Pakistan requests ISSF to drop two Olympic quotas from New Delhi World Cup

Pakistan was denied visas for two shooters in the rapid fire category of the tournament in New Delhi which also serves as a qualifier for the 2020 Olympic games.

The Final Hall at the Dr. Karni Singh Range in New Delhi where the season-opening ISSF World Cup will be held.   -  Representative Image

Pakistan shooting federation Wednesday wrote to the ISSF, asking it to drop the two 25m rapid fire pistol quotas for 2020 Olympics, in the season-opening World Cup in New Delhi. Pakistan was denied visas in the wake of the Pulwama terror attack, which killed 40 CRPF personnel.

“The ISSF has received a letter from the Pakistan federation, requesting it not to offer quota places in the events their shooters were scheduled to participate. This is what the ISSF secretary general said,” a National Rifle Association of India (NRAI) official said.

Pakistan had applied for visas for two shooters -- G M Bashir and Khalil Ahmed -- in the rapid fire category as the ISSF World Cup in New Delhi also serves as a qualifier for the 2020 Olympic games.

Both International Shooting Sport Federation president Vladimir Lisin and secretary general Alexander Ratner are in New Delhi for the tournament. While Lisin could take up the matter with sports minister Rajyavardhan Singh Rathore, Ratner said the decision to allot quota places depend on the International Olympic Committee (IOC).

RELATED | ISSF issues warning after visa denied to Pakistan shooters

'Urgent situation'

“ISSF World Cup in New Delhi faces an urgent situation as Pakistani athletes cannot get entry visas to participate in the competition, due to the terrorist attacks happened last days in India,” the global sports body said in a statement. “The ISSF and the Organizing Committee of the competition are taking all efforts to solve the situation to avoid the discrimination of the Pakistani team.

"Besides that, the ISSF and the Organizing Committee are discussing the possible consequences for India as a host country for future international competitions, in all sports,” it added.

Meanwhile, maintaining that the door is still open for shooters from across the border despite the heightened tension between the two countries, NRAI Secretary General D V Seetharama Rao said the federation will go by the “wishes and orders” of the government.

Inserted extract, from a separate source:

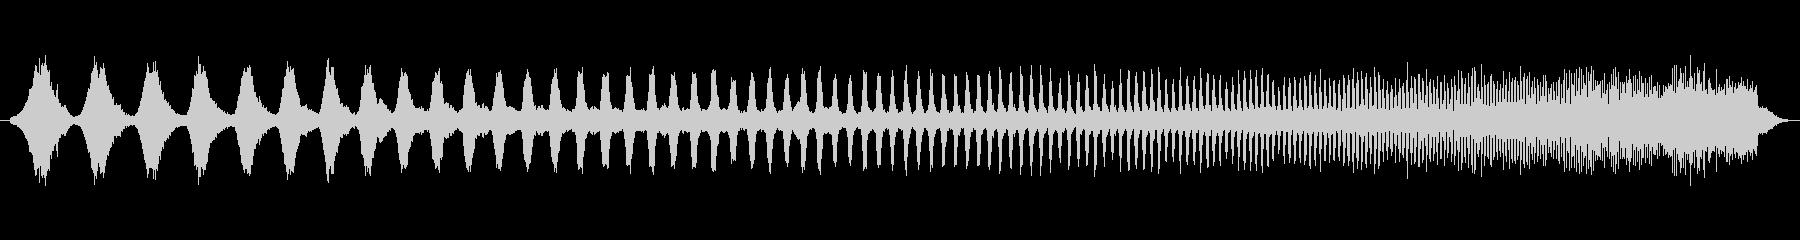 上昇 ダブステップウォブルハイ01の未再生の波形

“I can only tell you that they were supposed to come today, it is up to the government to issue the visa. The government has not asked us to not allow them. If the government does not give them the visa, we abide by that. We cannot do anything,” said Rao. “Much before this unfortunate event we had sent out invitations and visas were granted,” he said.

Asked about possible repercussions from the IOC if the Pakistani shooters are not allowed to take part in the World Cup, Rao said the NRAI will discuss the issue with the ISSF.

“We have to take it as it comes. We will have to sit with the ISSF and discuss things out. Every action has counter action.”

Pakistan’s National Rifle Shooting Federation (NSRF) President Razi Ahmed confirmed Tuesday they would not participate in the World Cup in New Delhi because its marksmen had not been issued visas by the Indian High Commission.

RELATED | Pakistan shooters not taking part in New Delhi World Cup

A total of 503 shooters from 58 countries will be competing for top honours with eight of the 10 events offering 16 quota places for the Tokyo Games.